YOUR GOAL
Leave out the pictures, and retype the remaining data exactly.

DATA PROVIDED
[Start of section]
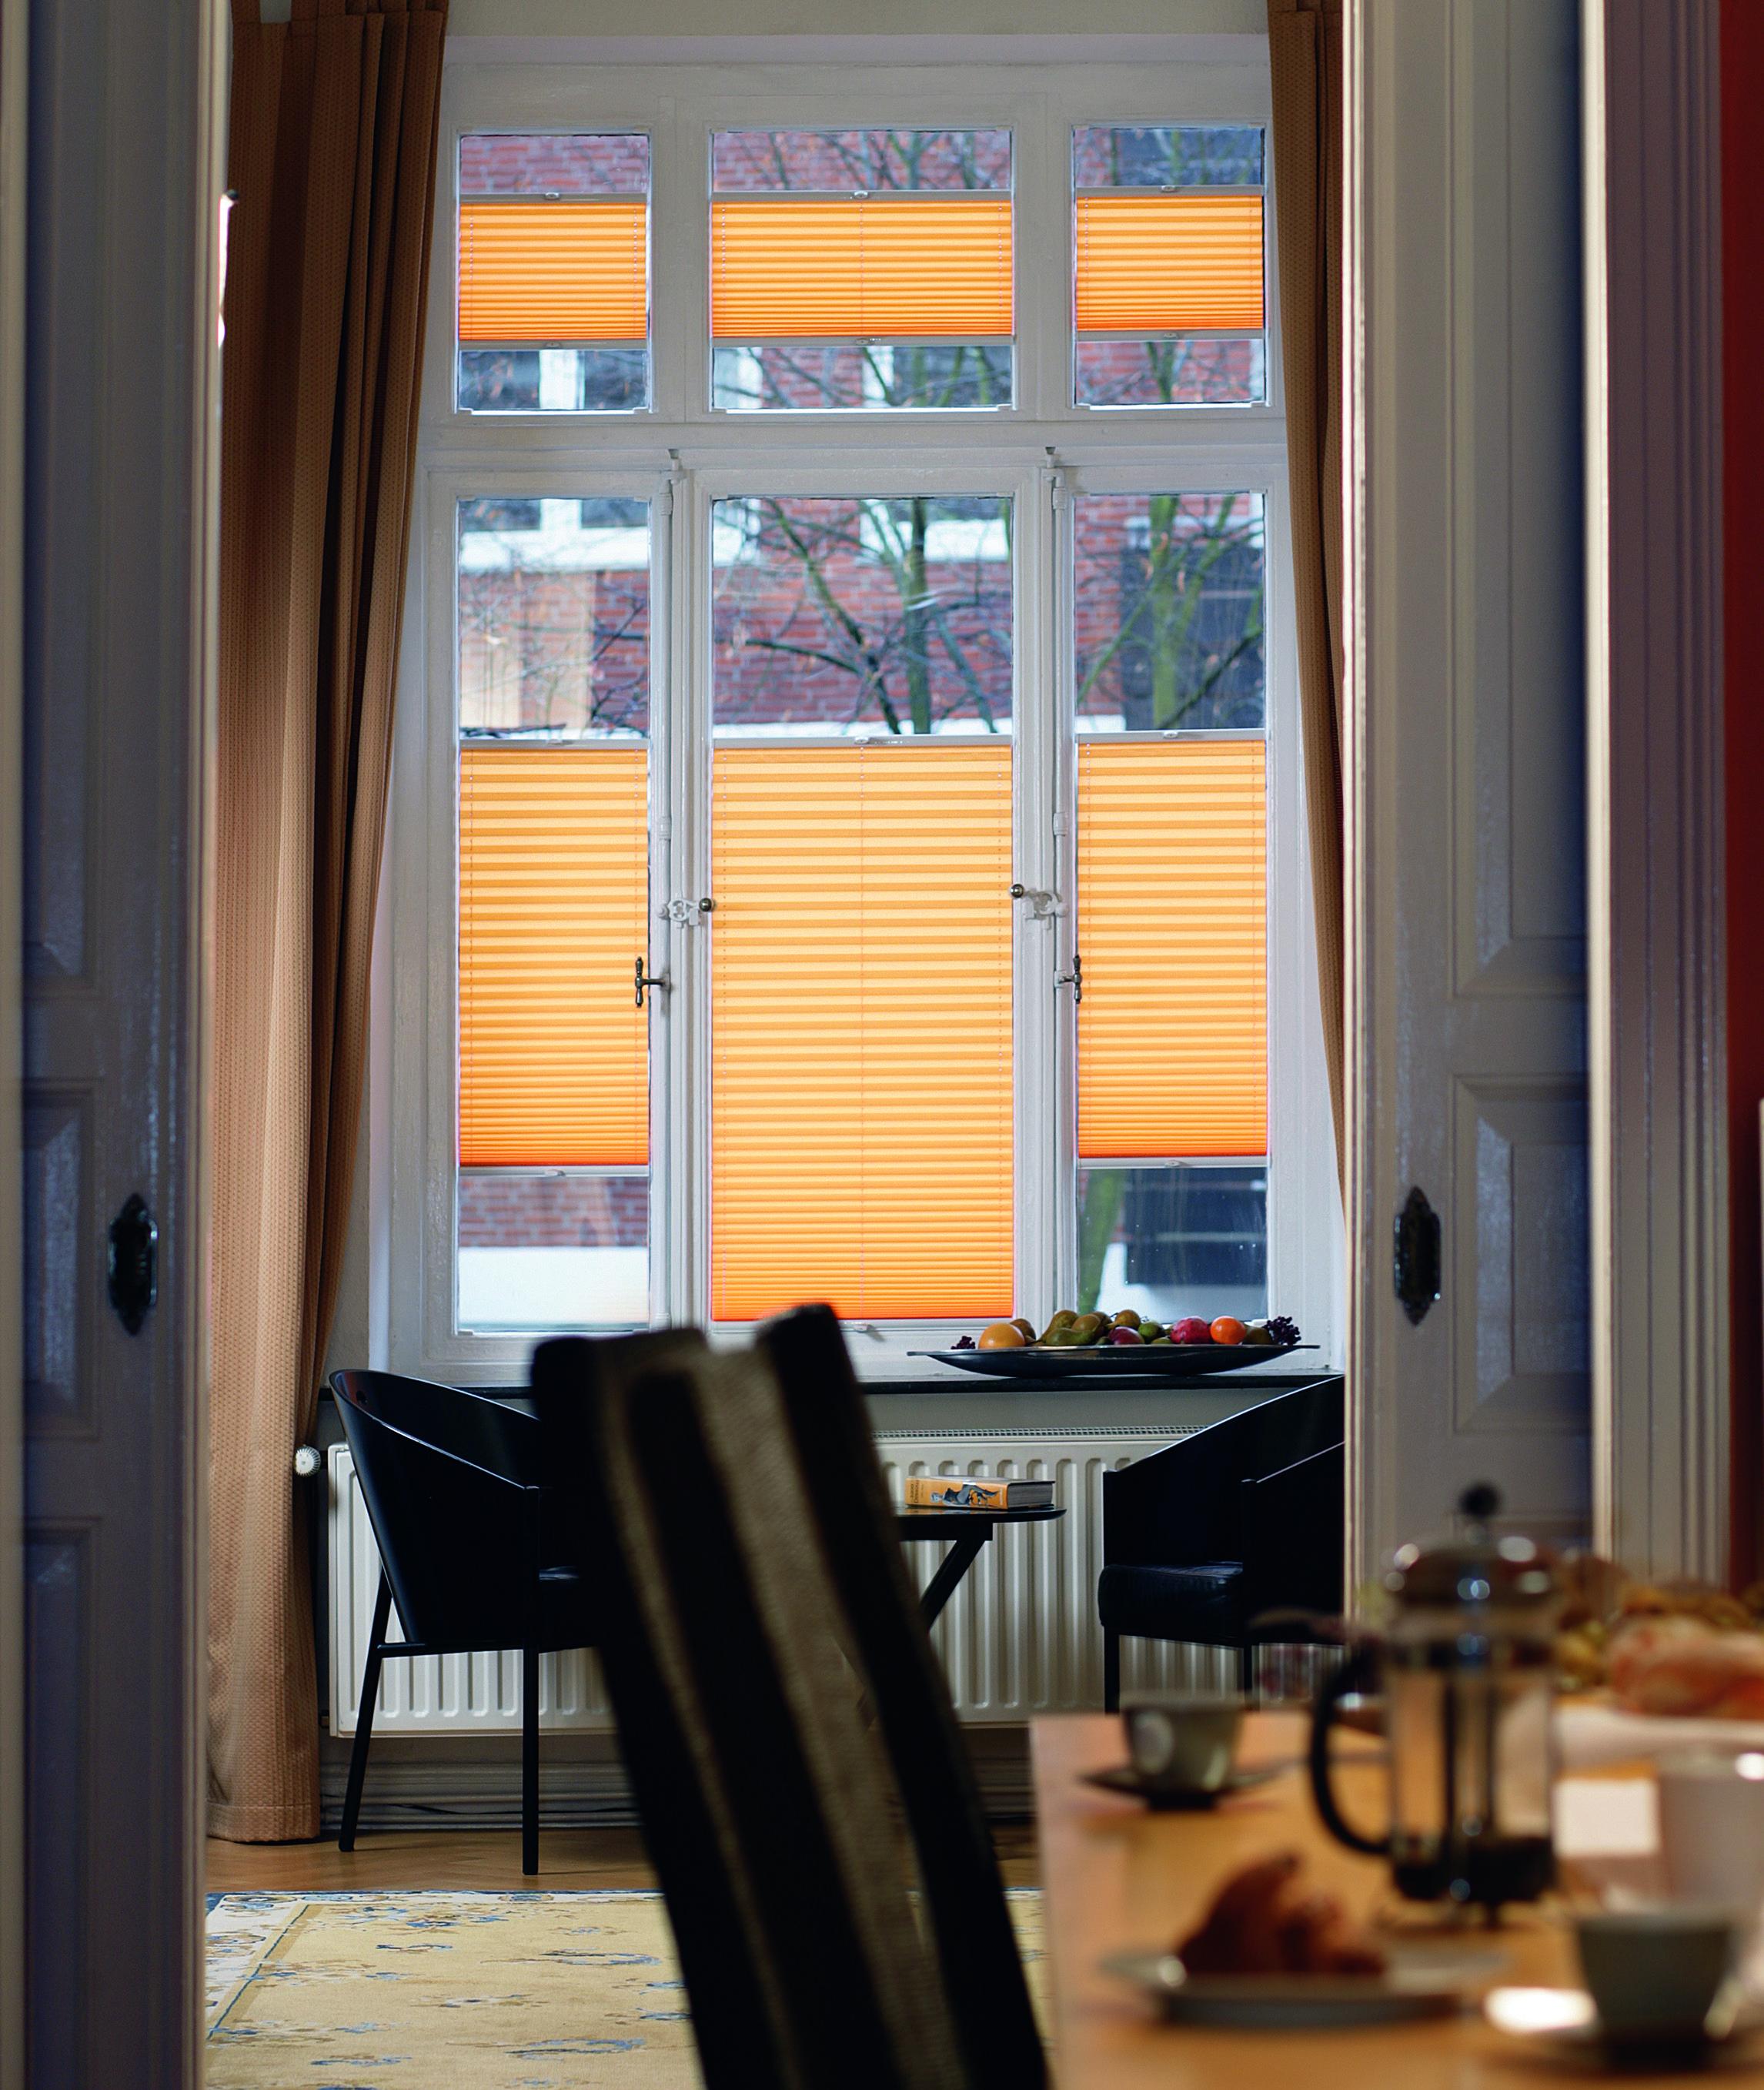 neue m glichkeiten bei der innenbeschattung rollos jalousien plissee pinterest decor. Black Bedroom Furniture Sets. Home Design Ideas
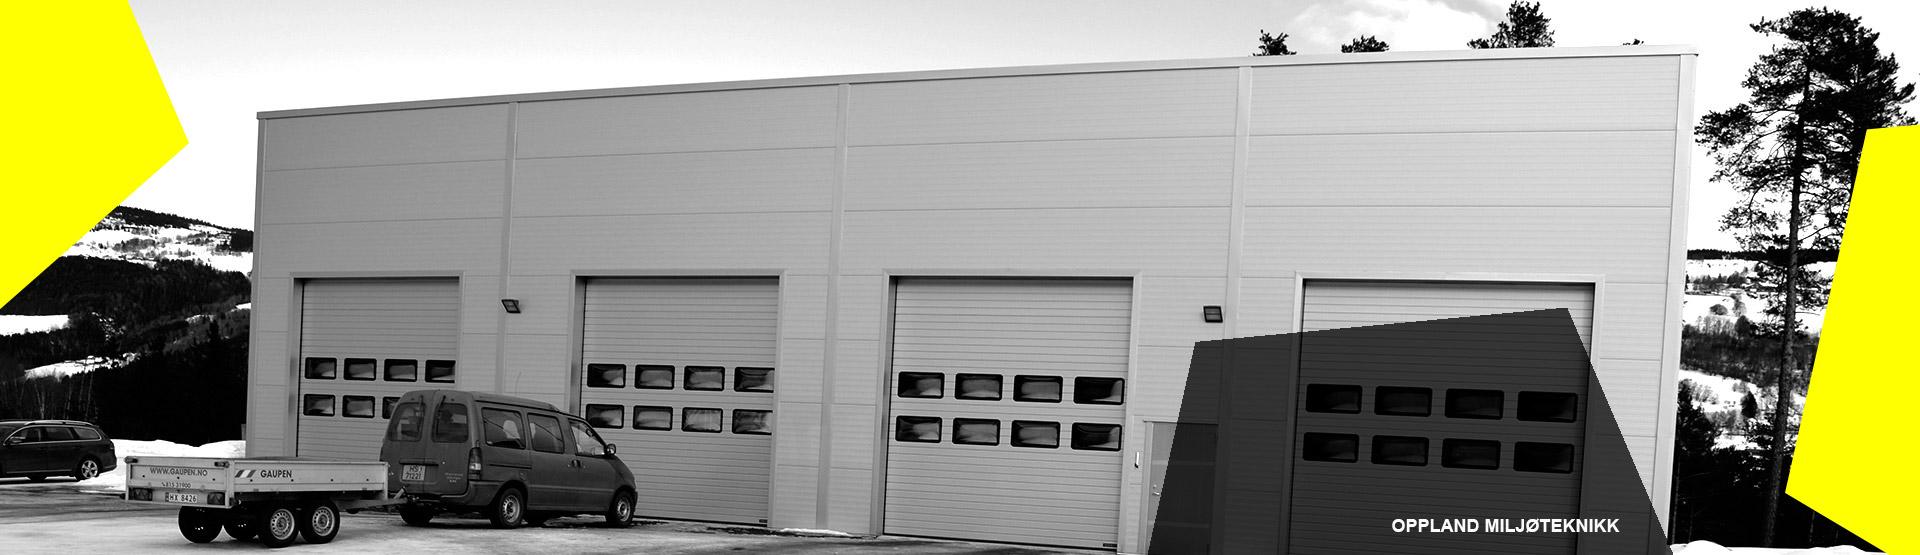 oppland miljøteknikk lager garasje
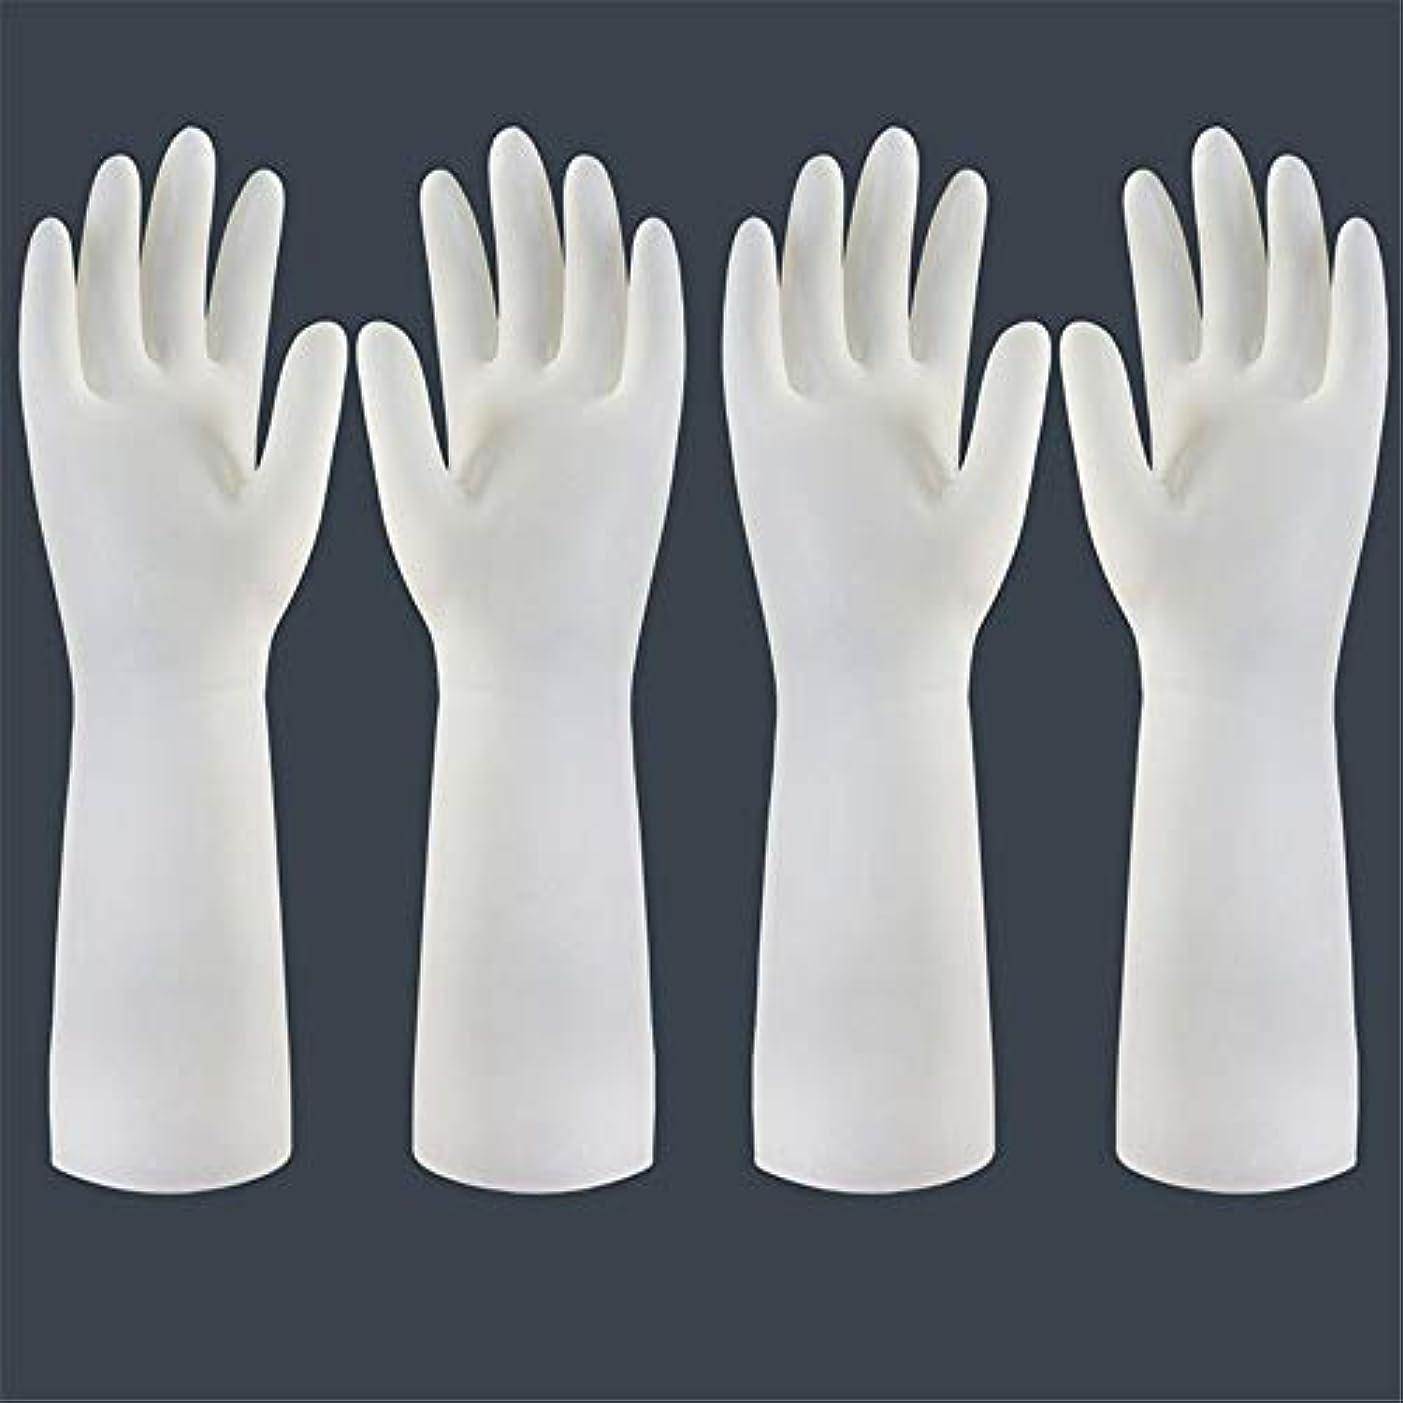 プレビスサイトメイン群衆使い捨て手袋 使い捨て手袋の防水および耐久のゴム製台所手袋、小/中/大 ニトリルゴム手袋 (Color : Long-2 pair, Size : S)
[End of section]
WRITTEN RESPONSE
 neue m glichkeiten bei der innenbeschattung rollos jalousien plissee pinterest decor. Black Bedroom Furniture Sets. Home Design Ideas
 oppland miljøteknikk lager garasje
 プレビスサイトメイン群衆使い捨て手袋 使い捨て手袋の防水および耐久のゴム製台所手袋、小/中/大 ニトリルゴム手袋 (Color : Long-2 pair, Size : S)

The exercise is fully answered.